Networks of genetic loci and the scientific literature

This work considers biological information graphs, networks in which nodes corre-spond to genetic loci (or “genes”) and an (undirected) edge signifies that two genes are discussed in the same article(s) in the scientific literature (“documents”). Operations that utilize the topology of these graphs can assist researchers in the scientific discovery process. For example, a shortest path between two nodes defines an ordered series of genes and documents that can be used to explore the relationship(s) between genes of interest. This work (i) describes how topologies in which edges are likely to reflect genuine relationship(s) can be constructed from human-curated corpora of genes an-notated with documents (or vice versa), and (ii) illustrates the potential of biological information graphs in synthesizing knowledge in order to formulate new hypotheses and generate novel predictions for subsequent experimental study. In particular, the well-known LocusLink corpus is used to construct a biological information graph consisting of 10,297 nodes and 21,910 edges. The large-scale statistical properties of this gene-document network suggest that it is a new example of a power-law network.
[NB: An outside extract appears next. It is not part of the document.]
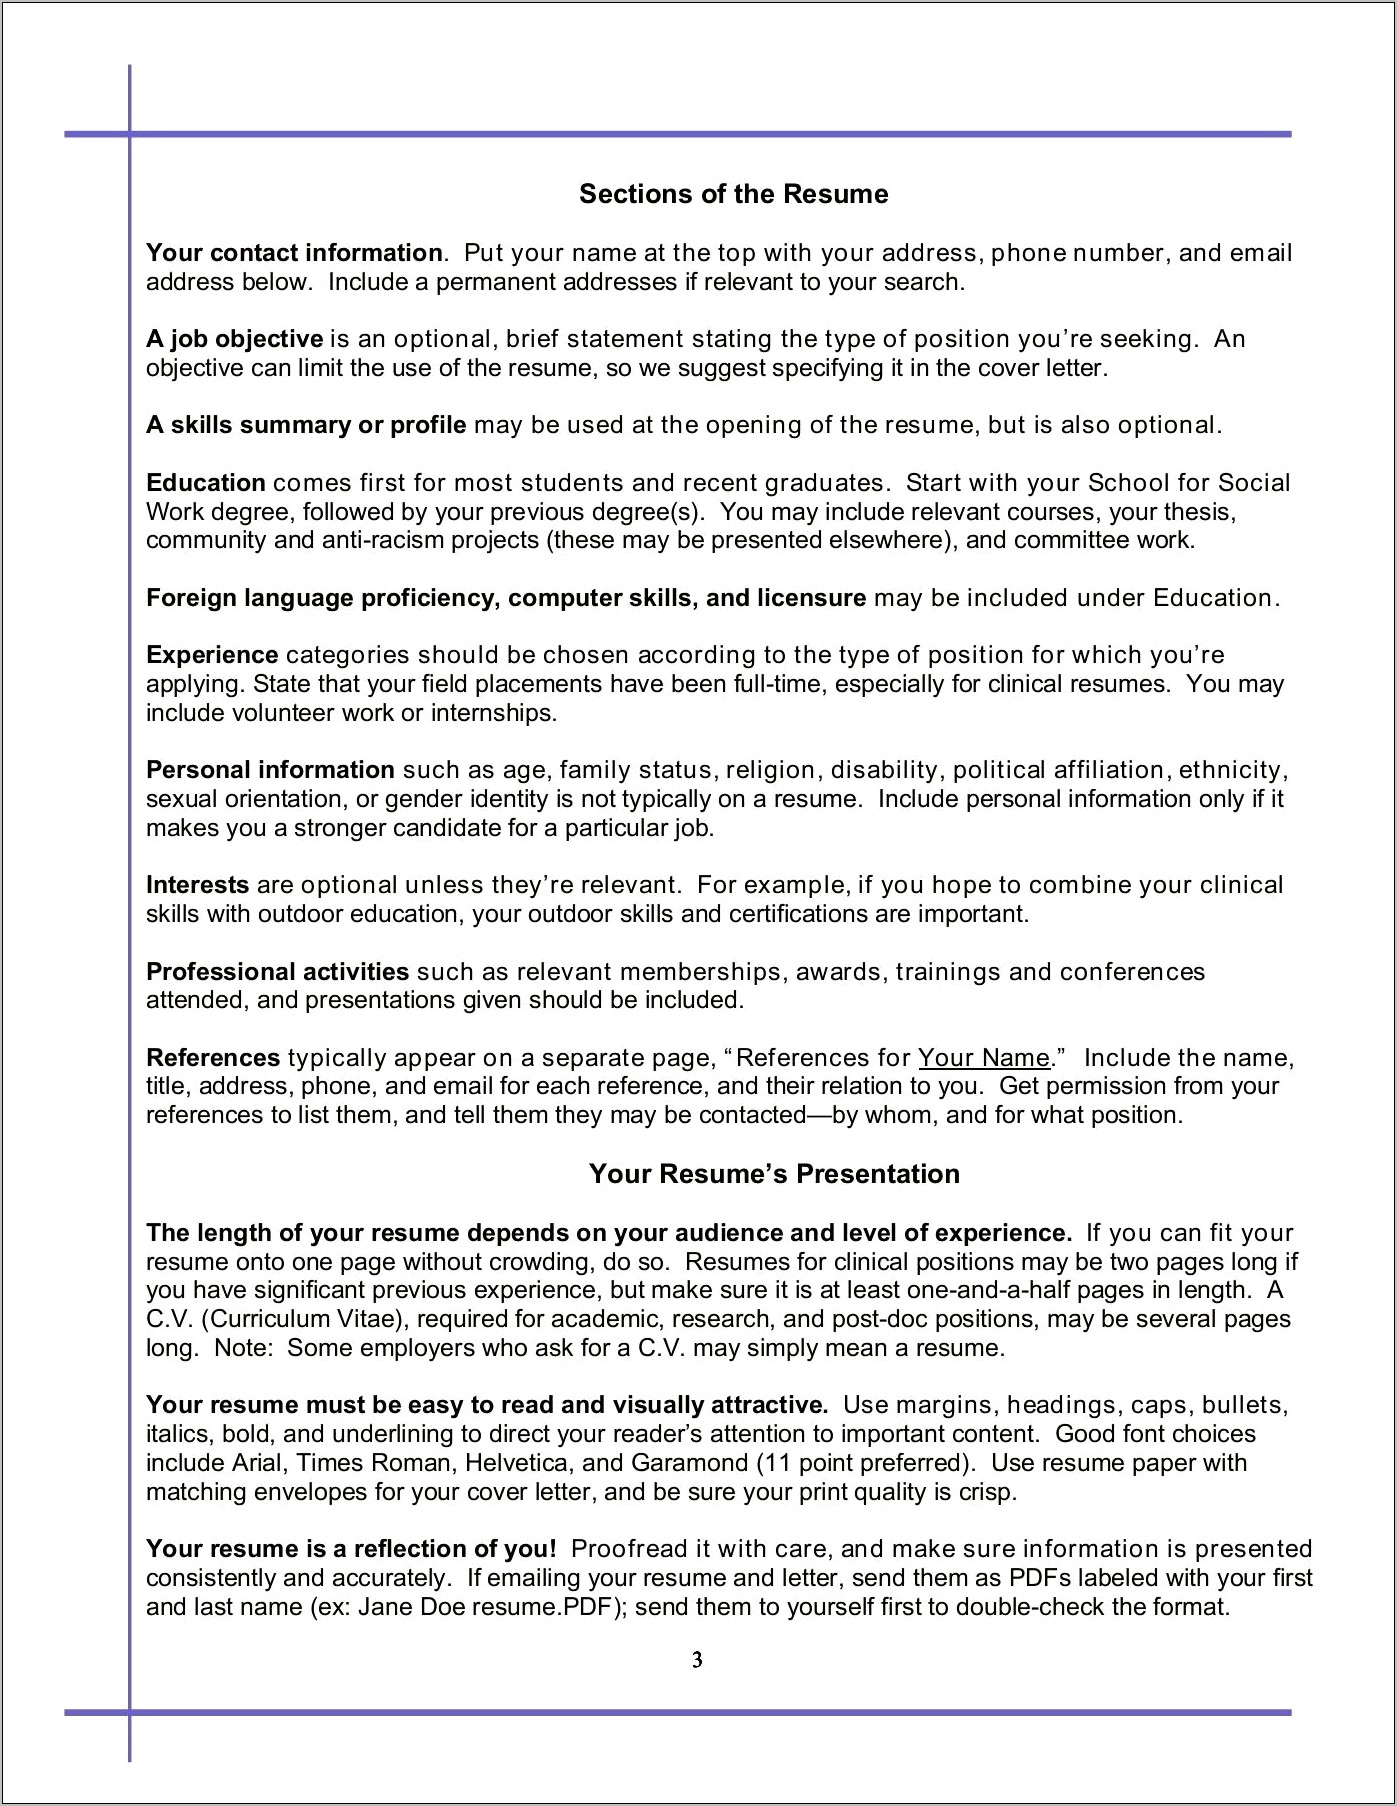 Professional Summary For Social Worker Disability Resume
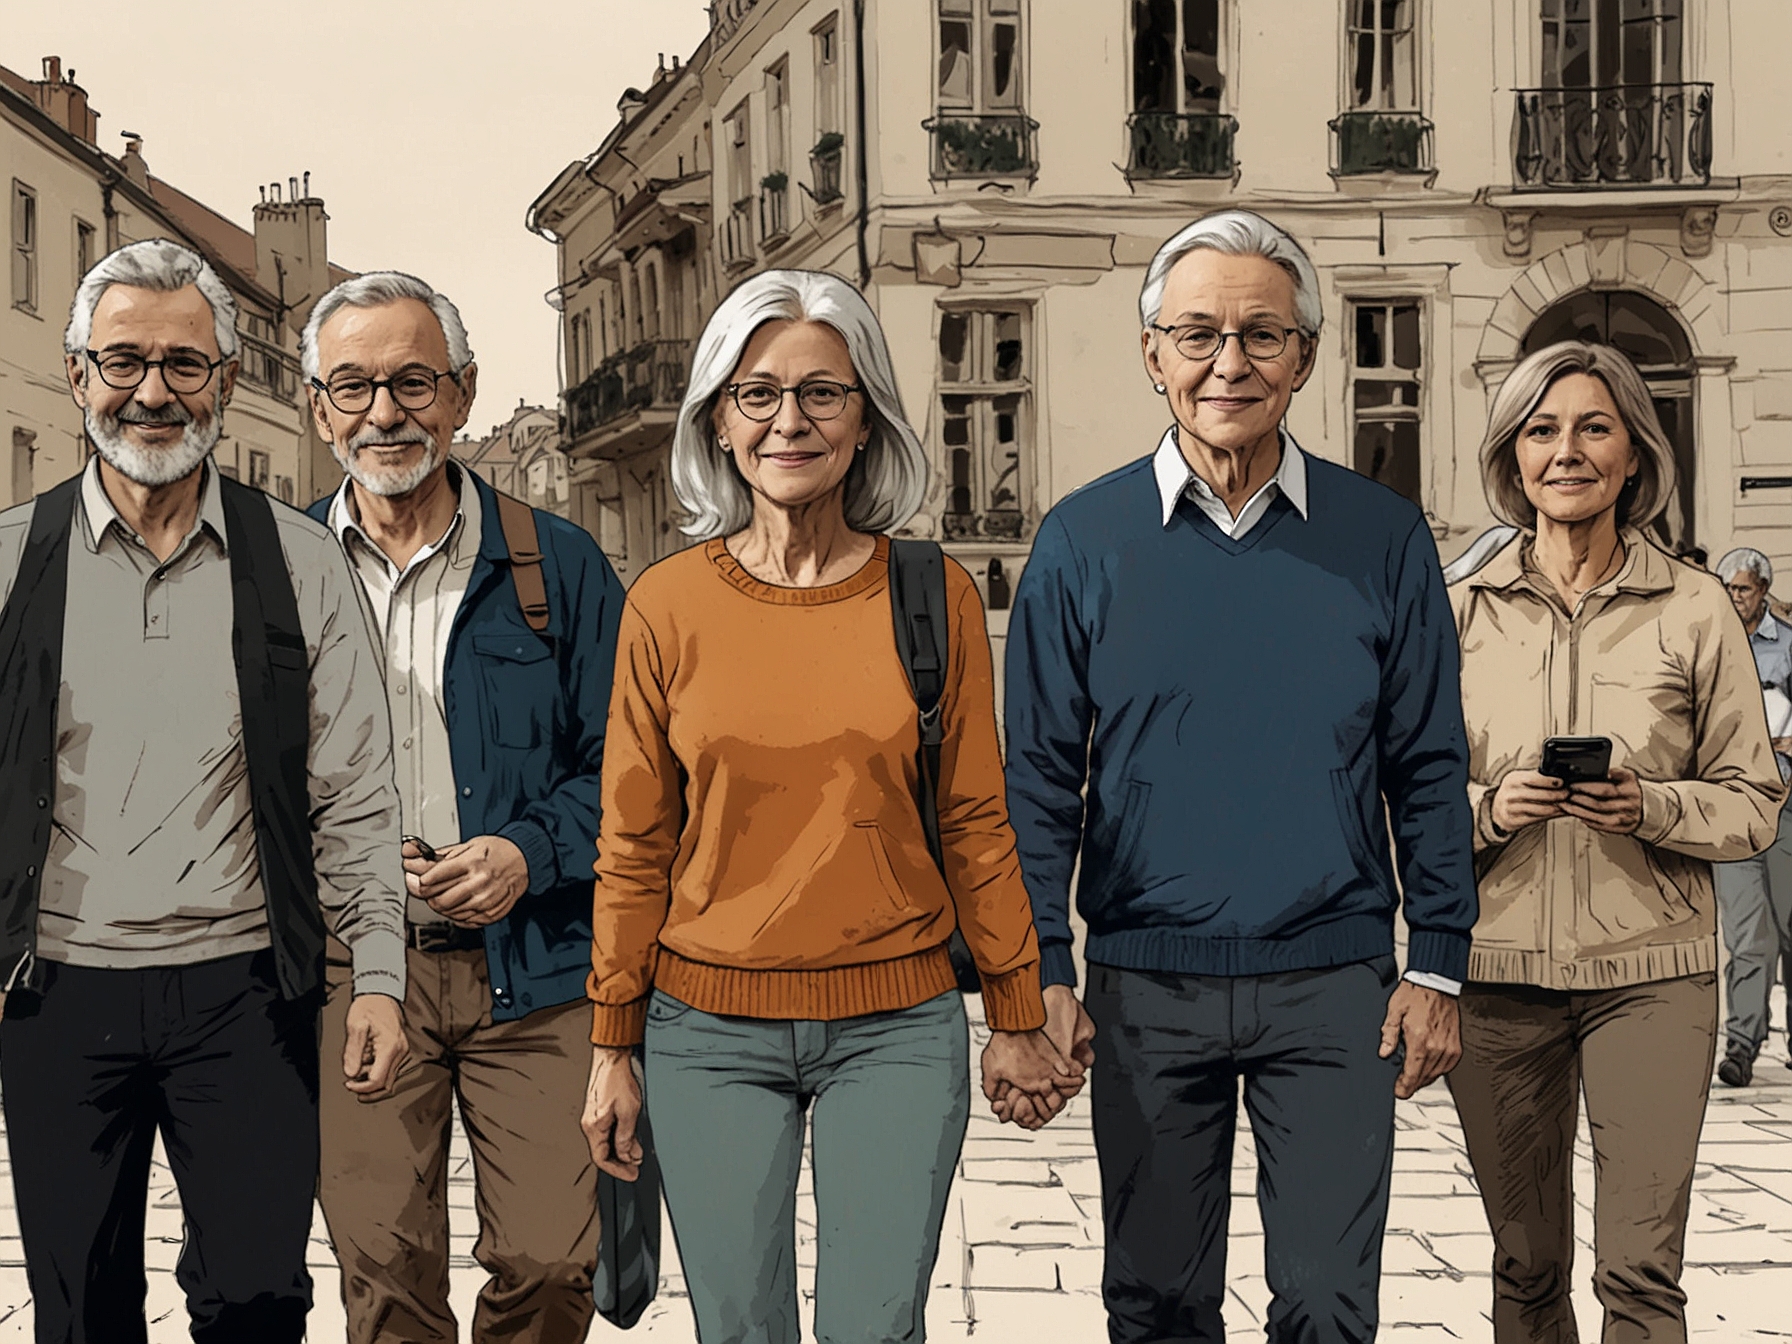 A group of European parents holding hands in solidarity, demonstrating their unified stance against allowing young kids to have smartphones, emphasizing face-to-face interactions and physical activities.

The segregation of genes on the basis of species and encoded protein molecular function indicate the presence of assortativity, the preference for nodes with similar attributes to be neighbors in a network. The practical utility of a gene-document network is illustrated by using measures such as shortest paths and centrality to analyze a subset of nodes corresponding to genes implicated in aging. Each release of a curated biomedical corpus defines a particular static graph. The topology of a gene-document network changes over time as curators add and/or remove nodes and/or edges. Such a dynamic, evolving corpus provides both the foundation for analyzing the growth and behavior of large complex networks and a substrate for examining trends in biological research.